So far we have only performed Vector Search. To create a Chatbot (question & answering), we will build a RAG system using LangChain.👇

5. Set up a LangChain RAG workflow to chat with the form using RetrievalQAWithSourcesChain to carry out question answering. Under the hood, Neo4j will use Cypher to perform vector similarity searches.
chain_type=”stuff”, means we are doing prompt stuffing — i.e. combine everything and send to LLM.

neo4j_vector_store = Neo4jVector.from_existing_graph(
embedding=OpenAIEmbeddings(),
url=NEO4J_URI,
username=NEO4J_USERNAME,
password=NEO4J_PASSWORD,
index_name=VECTOR_INDEX_NAME,
node_label=VECTOR_NODE_LABEL,
text_node_properties=[VECTOR_SOURCE_PROPERTY],
embedding_node_property=VECTOR_EMBEDDING_PROPERTY,
)

retriever = neo4j_vector_store.as_retriever()

chain = RetrievalQAWithSourcesChain.from_chain_type(
ChatOpenAI(temperature=0),
chain_type="stuff",
retriever=retriever
)

def prettychain(question: str) -> str:
"""Pretty print the chain's response to a question"""
response = chain({"question": question},
return_only_outputs=True,)
print(textwrap.fill(response['answer'], 60))

6. Ask question

question = "What is Netapp's primary business?"
prettychain(question)

Output

NetApp's primary business is enterprise storage and data
management, cloud storage, and cloud operations.

ADDING RELATIONSHIPS TO THE SEC KNOWLEDGE GRAPH

Now we will add relationships to preserve the structure of the documents.

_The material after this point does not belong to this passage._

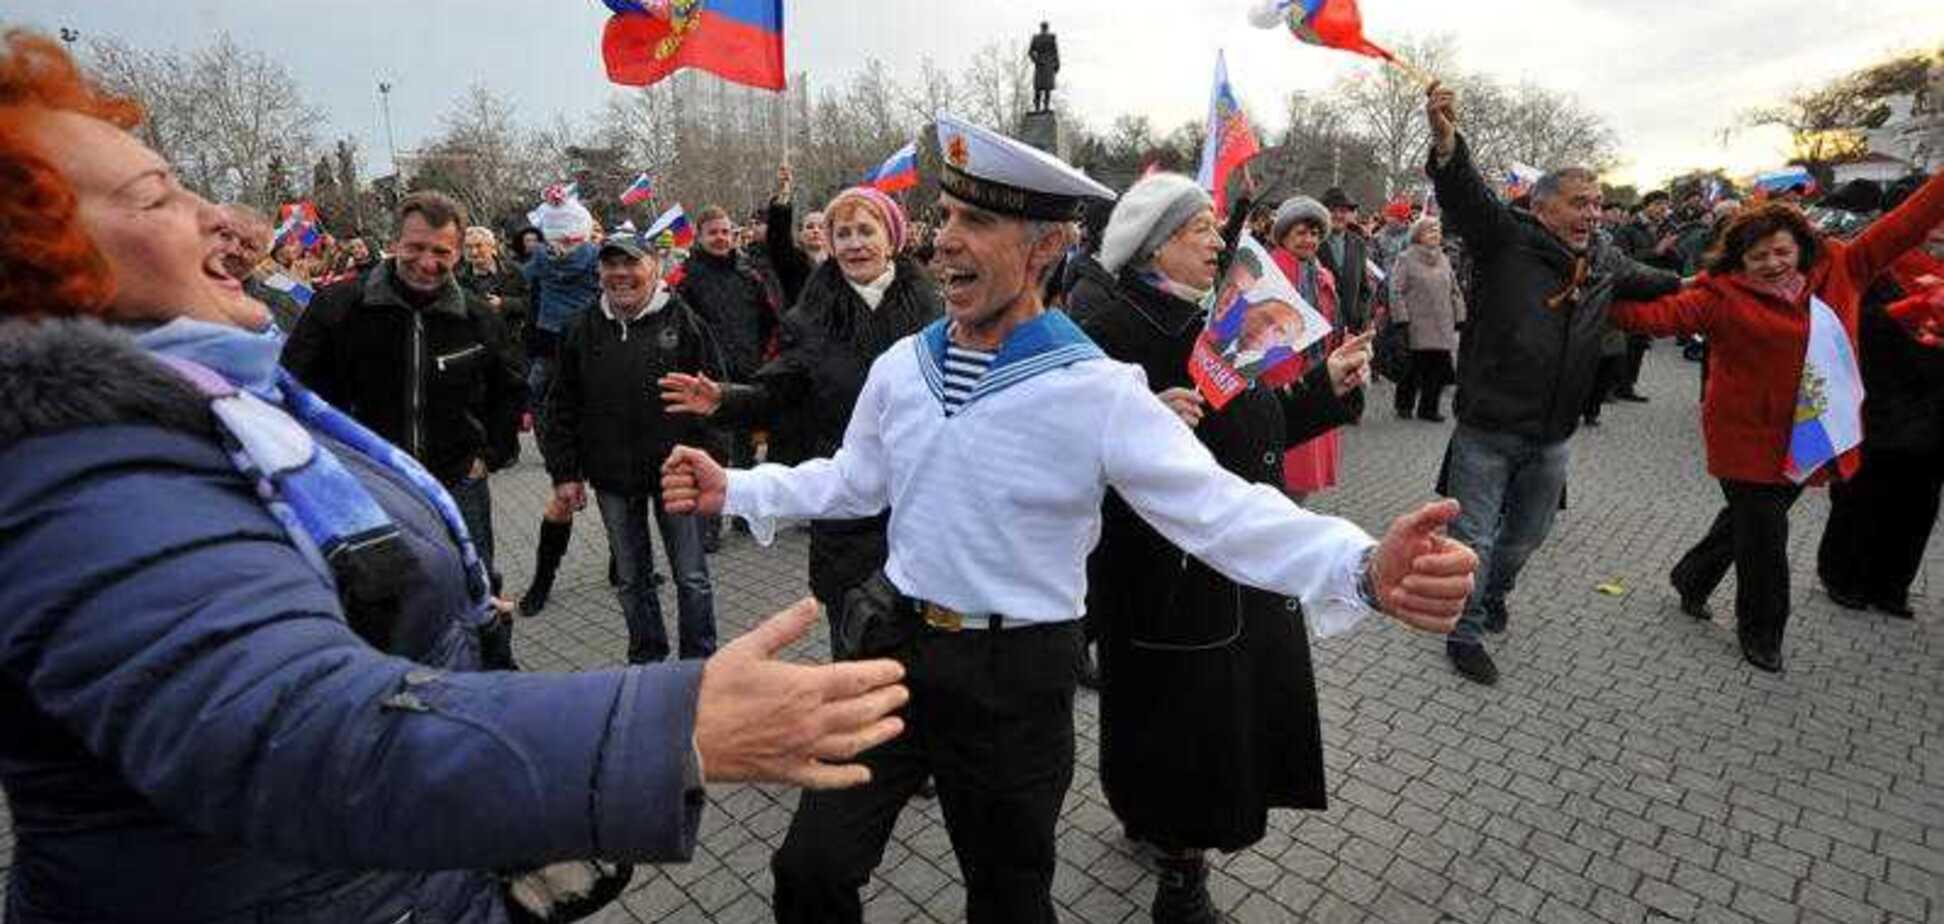 Геніальний спосіб: Голишев повідомив, як Крим повернеться в Україну

  1. Create form node: Form
cypher = """
MERGE (f:Form {formId: $formInfoParam.formId })
ON CREATE
SET f.names = $formInfoParam.names
SET f.source = $formInfoParam.source
SET f.cik = $formInfoParam.cik
SET f.cusip6 = $formInfoParam.cusip6
"""

kg.query(cypher, params={'formInfoParam': form_info})

Sanity check

kg.query("MATCH (f:Form) RETURN count(f) as formCount")
[{'formCount': 1}]

Now we will connect everything together. Our goal is to add relationships to improve the context around each chunk. The result will reflect the original structure of the document.

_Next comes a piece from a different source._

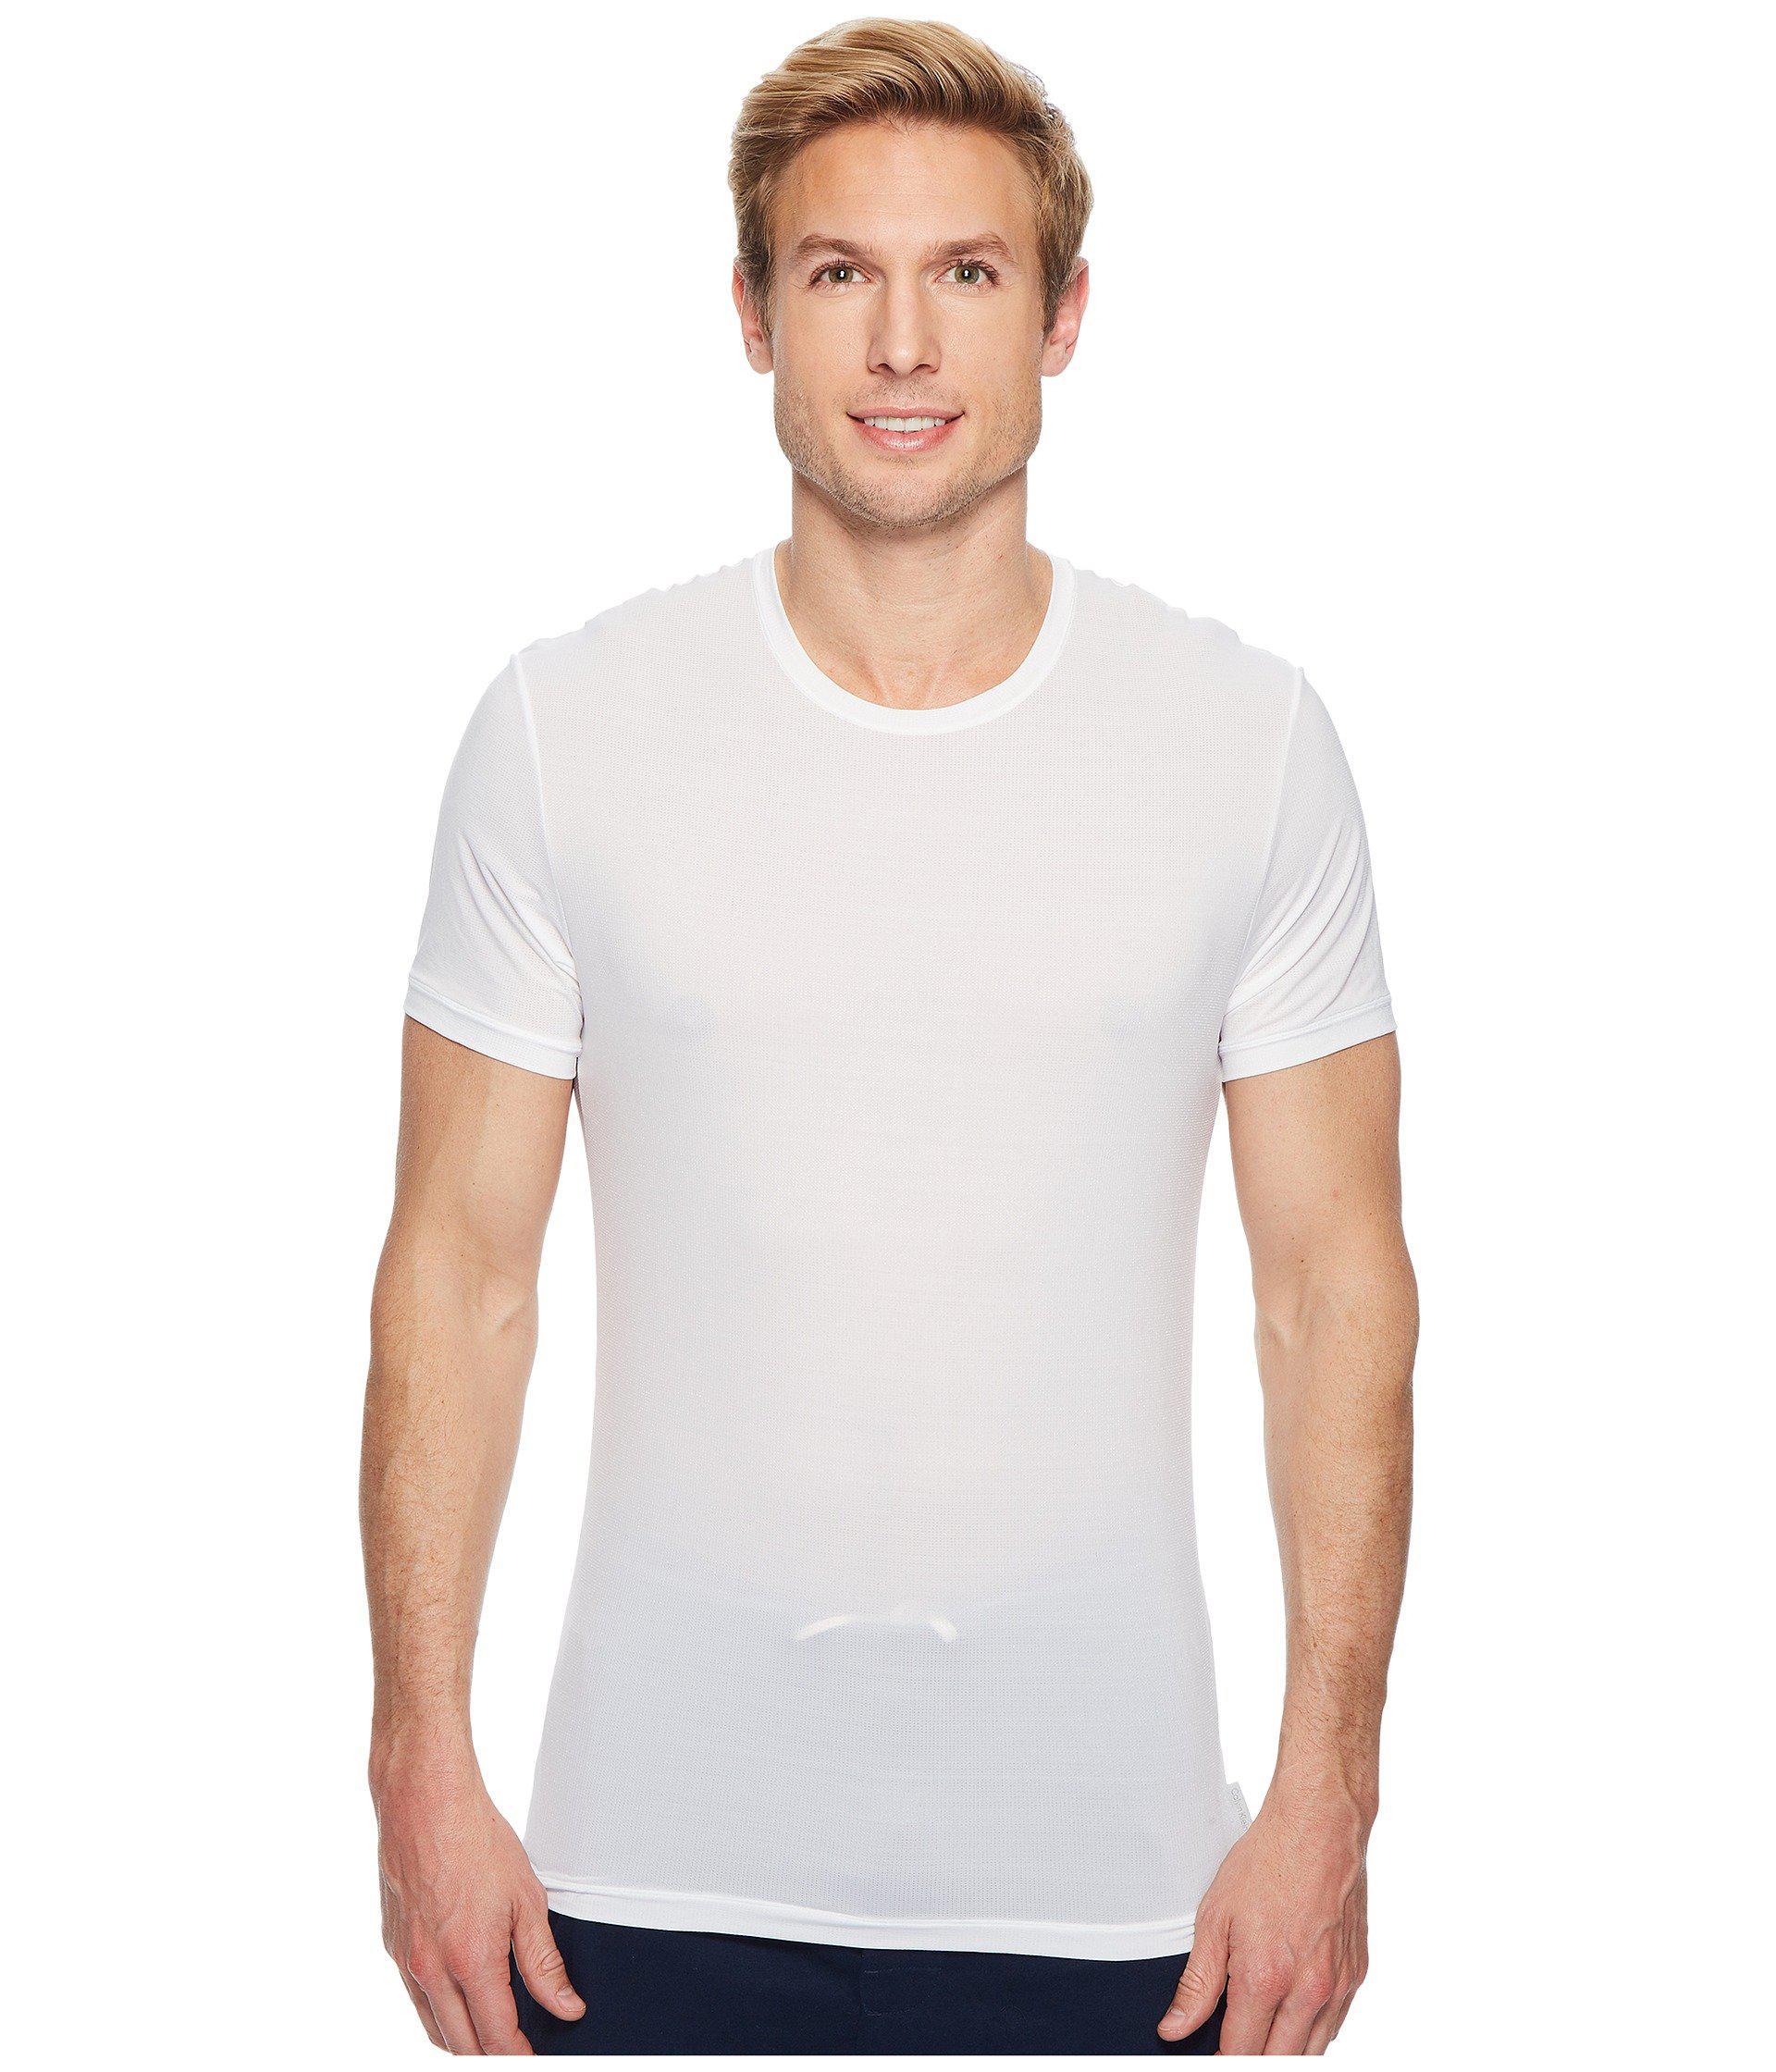 298be4fbfbad Calvin Klein Light Short Sleeve Crew Neck Tee in White for Men - Lyst

Connect form and chunk nodes

2. Write query that 1. retrieves chunks from the same form, same section (e.g. item1), 2. uses collect to collect everything in a list.
Loop through all sections and call this query to link these chunks using relationship: NEXT.

cypher = """
MATCH (from_same_section:Chunk)
WHERE from_same_section.formId = $formIdParam
AND from_same_section.f10kItem = $f10kItemParam
WITH from_same_section
ORDER BY from_same_section.chunkSeqId ASC
WITH collect(from_same_section) as section_chunk_list
CALL apoc.nodes.link(
section_chunk_list,
"NEXT",
{avoidDuplicates: true}
)
RETURN size(section_chunk_list)
"""

for form10kItemName in ['item1', 'item1a', 'item7', 'item7a']:
kg.query(cypher, params={'formIdParam':form_info['formId'],
'f10kItemParam': form10kItemName})

3. Connect chunks to their parent form with a relationship: PART_OF.

cypher = """
MATCH (c:Chunk), (f:Form)
WHERE c.formId = f.formId
MERGE (c)-[newRelationship:PART_OF]->(f)
RETURN count(newRelationship)
"""

kg.query(cypher)

4. Create a relationship: SECTION on first chunk of each section

cypher = """
MATCH (first:Chunk), (f:Form)
WHERE first.formId = f.formId
AND first.chunkSeqId = 0
WITH first, f
MERGE (f)-[r:SECTION {f10kItem: first.f10kItem}]->(first)
RETURN count(r)
"""

kg.query(cypher)

5. Play with queries. E.g. Return a window of three chunks:

cypher = """
MATCH (c1:Chunk)-[:NEXT]->(c2:Chunk)-[:NEXT]->(c3:Chunk)
WHERE c2.chunkId = $chunkIdParam
RETURN c1.chunkId, c2.chunkId, c3.chunkId
"""

kg.query(cypher,
params={'chunkIdParam': next_chunk_info['chunkId']})
[{'c1.chunkId': '0000950170-23-027948-item1-chunk0000',
'c2.chunkId': '0000950170-23-027948-item1-chunk0001',
'c3.chunkId': '0000950170-23-027948-item1-chunk0002'}]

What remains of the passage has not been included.